Design: Prospective, controlled open-label implementation trial.
Setting: Residential aged care, November 2003 to May 2004 (primary study).
Participants: 137 ambulant residents: 107 treated (mean age, 85 years; 79 were women), 30 untreated controls (mean age, 87 years; 22 were women).
Interventions: Lactose microencapsulated vitamin D3 100 000 IU orally at baseline, then 3 monthly (three or more doses); untreated subjects were observed contemporaneously.
Main outcome measures: Serum levels of 25-hydroxyvitamin D [25(OH)D] at 6 months compared with baseline; acceptability of the program to residents and staff.
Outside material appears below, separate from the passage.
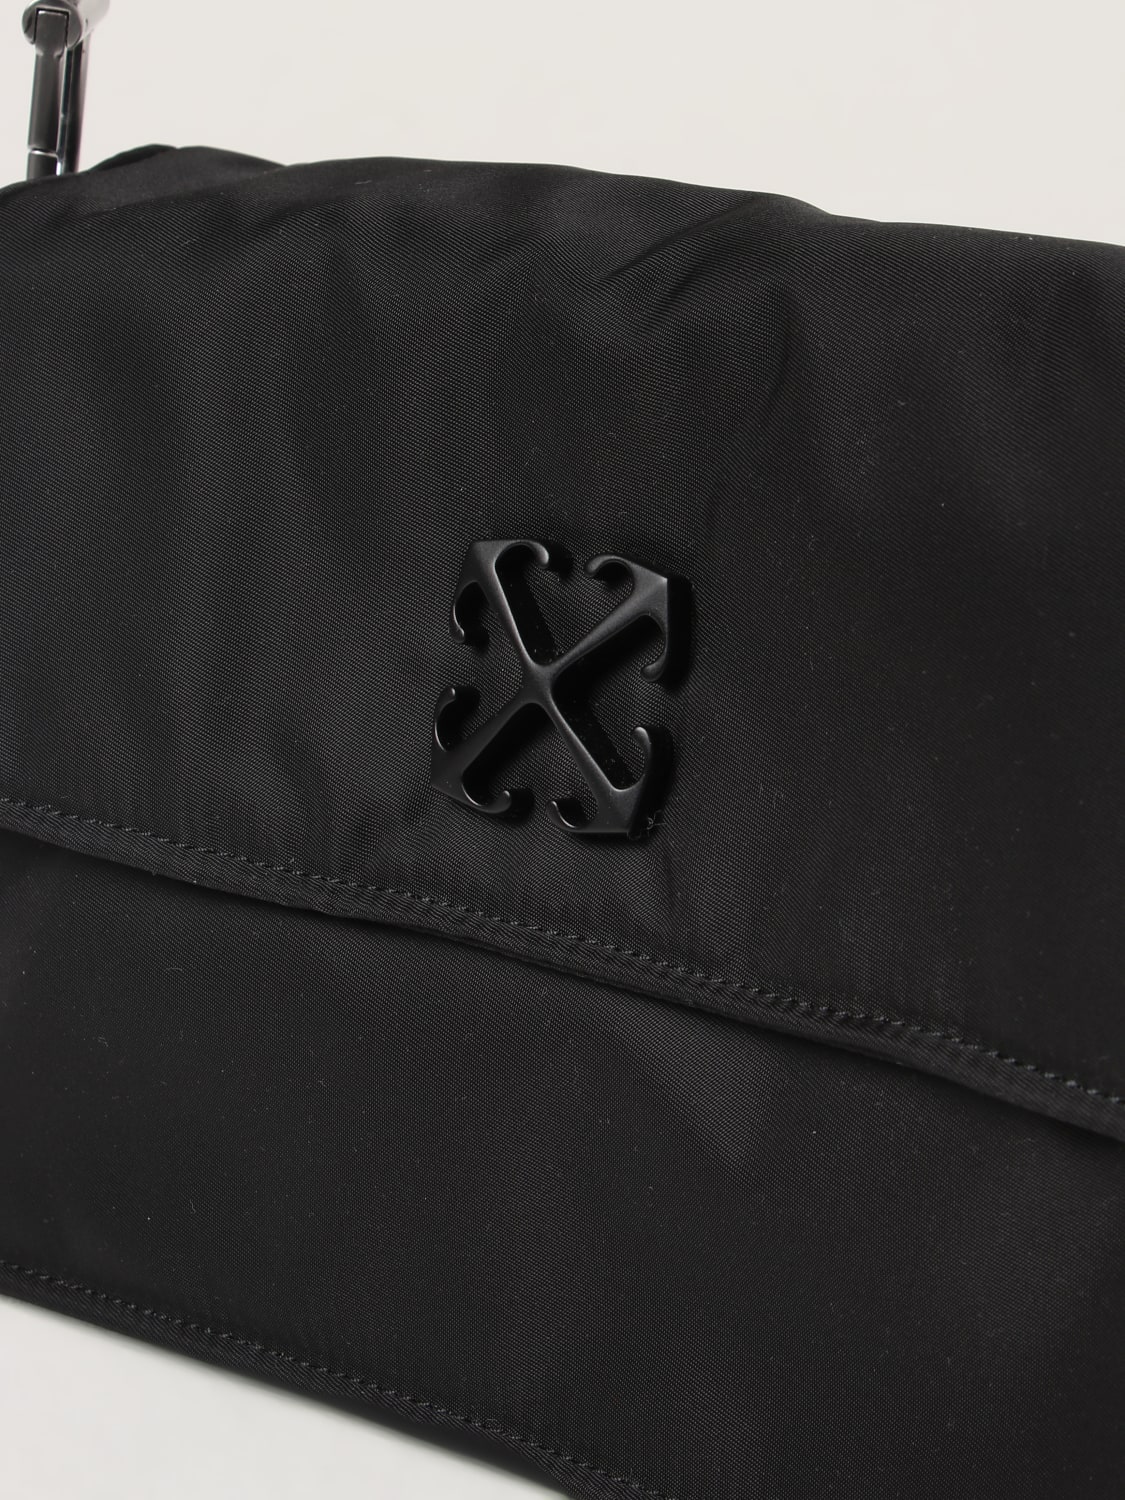 OFF-WHITE: Jitney 1.4 nylon bag with shoulder strap - Black
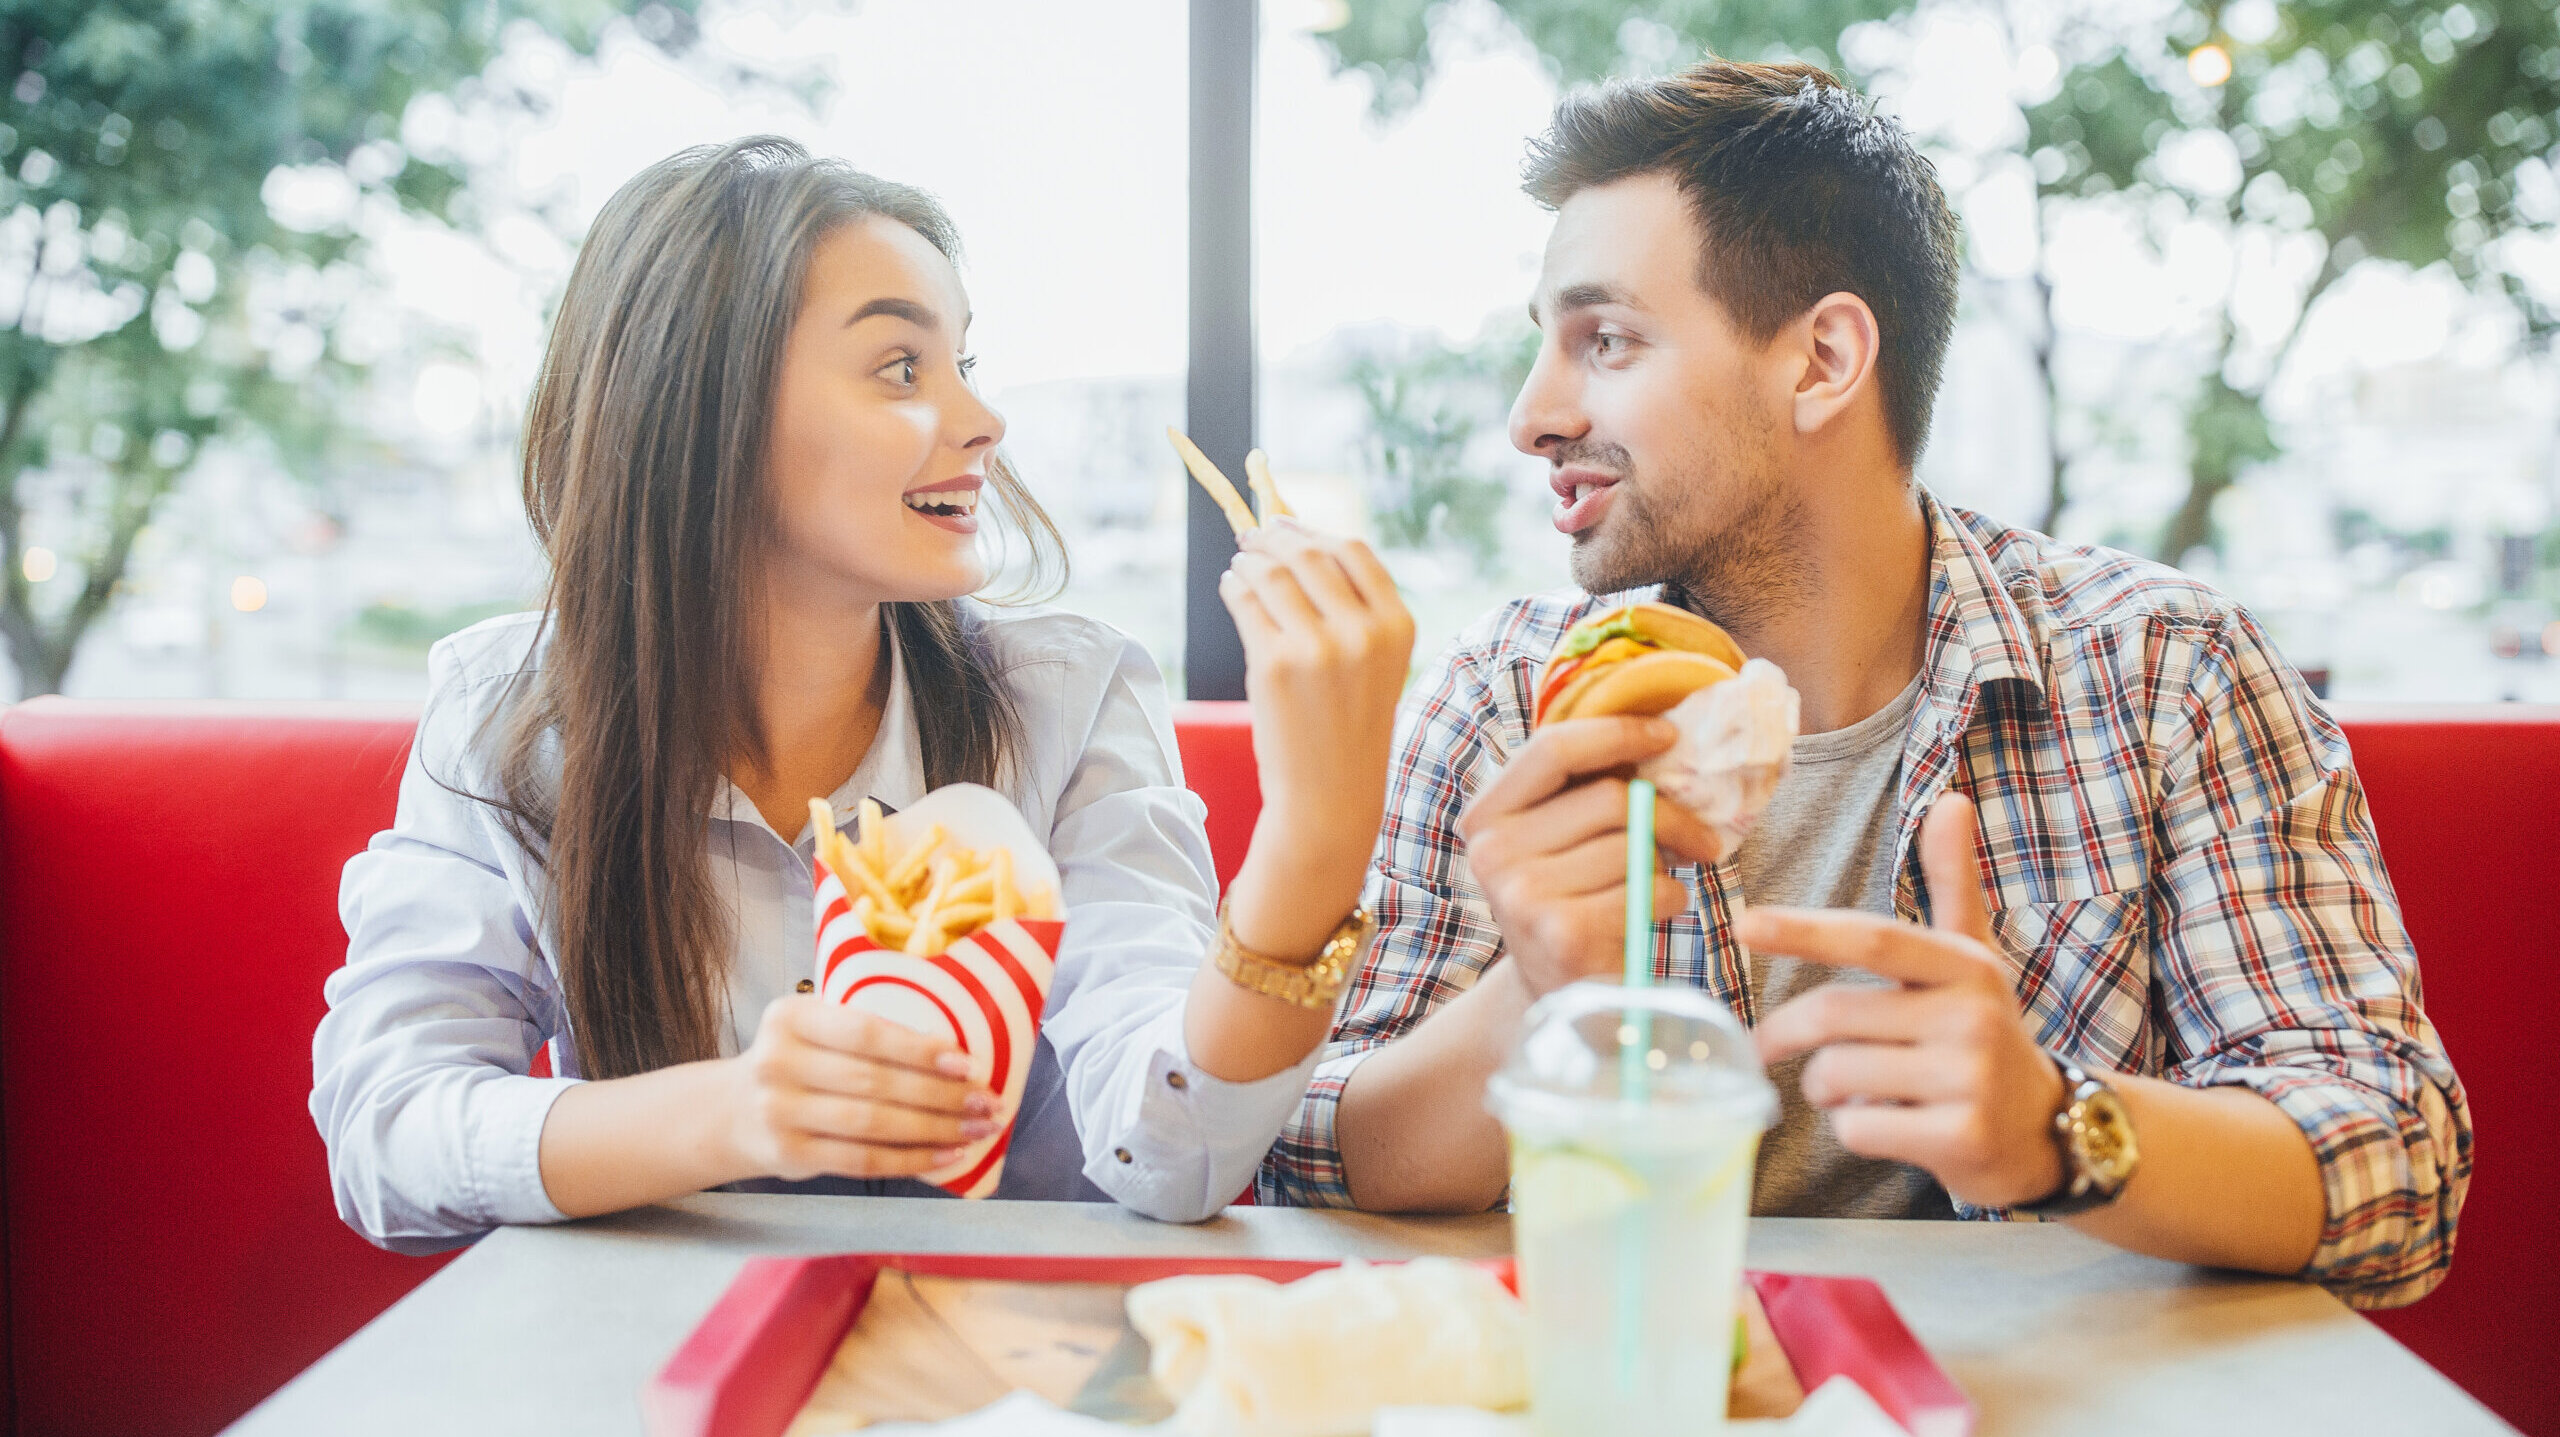 Friends eat fries, burger at fast food restaurant

Results: At baseline, 95% of residents assessed (n = 137) had serum 25(OH)D levels below the desirable range of 60–160 nmol/L. At 6 months, all treated residents (n = 98) achieved desired levels, with the mean (± SD) 25(OH)D level increasing from 36.4 ± 12.6 nmol/L (range, 12–75 nmol/L) at baseline to 124.0 ± 27.9 nmol/L (range, 68–244 nmol/L). In no resident did 25(OH)D approach toxic levels. The mean serum 25(OH)D level remained low in the control group (n = 27): 42.8 ± 18.3 nmol/L (range, 18–98 nmol/L). The difference between the mean 25(OH)D levels of treatment and control groups at 6 months was 81.2 nmol/L (95% CI, 69.7–92.0 nmol/L). The cost of the supplement was $4 per resident per annum. Substudies showed mean trough serum 25(OH)D levels in the desired range at 3 months (n = 31), but below the desired range at 6 months (n = 50). Subjects given 3-monthly doses for up to 2 years maintained serum 25(OH)D levels within the desired range, with no trend toward undesirable accumulation (n = 11).
Conclusions: Vitamin D3 100 000 IU given orally 3 monthly is a practical, safe, effective and inexpensive way to meet the vitamin D3 requirements of aged-care residents.